AI agents can search the internet. That doesn’t mean they are particularly good at finding the exact information a business needs.
Nimble is taking a swing at that problem with Web Search Agents, a new set of tools designed to learn a company’s domain, search the live web and turn relevant findings into structured data.
The product was announced on July 29, 2026. Nimble says its agents are built for demanding research tasks where generic search results create too much noise, burn through tokens and leave AI systems sorting through piles of loosely related text.

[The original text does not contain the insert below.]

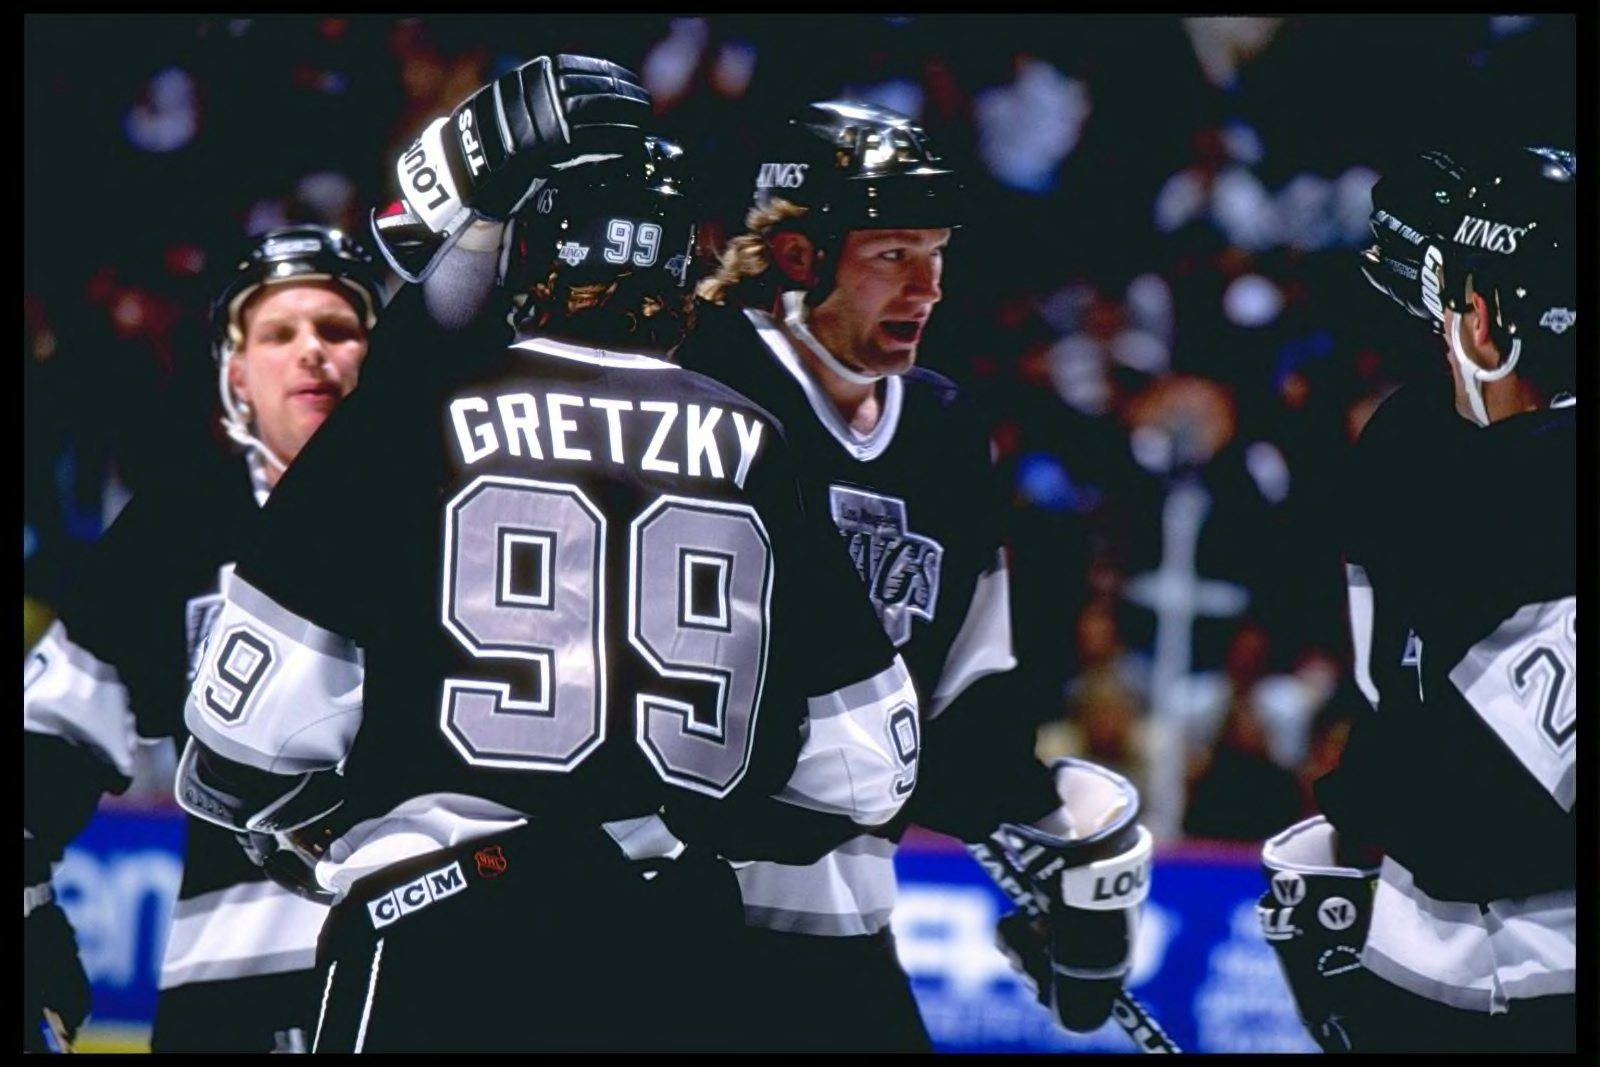 Wayne Gretzky, Los Angeles Kings  La kings hockey, Kings hockey

Search That Learns the Assignment
Most search tools handle every request in roughly the same way. A pricing intelligence agent and a lead-enrichment agent may receive different prompts, but the underlying search system still returns a broad collection of pages, snippets and unstructured content. Nimble Web Search Agents are supposed to behave differently.
The agents learn the subject area and adjust how they retrieve information based on the task. Search behavior can become more specialized over time through Nimble’s proprietary index and memory features.
That could matter for businesses monitoring competitor prices, product availability, consumer sentiment, regulatory changes or market activity. These are not one-off Google searches. The information changes constantly, and the output often has to fit directly into an automated workflow. Nimble also says results can include citations and confidence grades, while auditable search plans show what the system searched and why.
Live Web Data, Not Just Cached Results
One part of the pitch is freshness. Nimble uses headless browsers to access current versions of webpages rather than depending entirely on cached search indexes. The agents can navigate websites, retrieve relevant information and convert the findings into structured formats such as tables.
That sounds like web scraping because, underneath the nicer interface, some of the same work is happening. The difference is that companies may not need to build and maintain as many fragile scraping scripts, proxy systems and custom extraction pipelines themselves.
Anyone who has managed a scraping operation knows how quickly those systems break. A website changes its layout. An element gets renamed. A login flow appears. Suddenly, yesterday’s reliable data pipeline is returning empty columns. Nimble is betting that self-learning agents can absorb more of that maintenance burden.
Nimble Claims Better Accuracy With Fewer Tokens
The eye-catching numbers come from benchmark testing cited by the company. According to Nimble, its Web Search Agents delivered a 21-point improvement in answer accuracy and reduced token spending by 51% compared with leading AI search tools.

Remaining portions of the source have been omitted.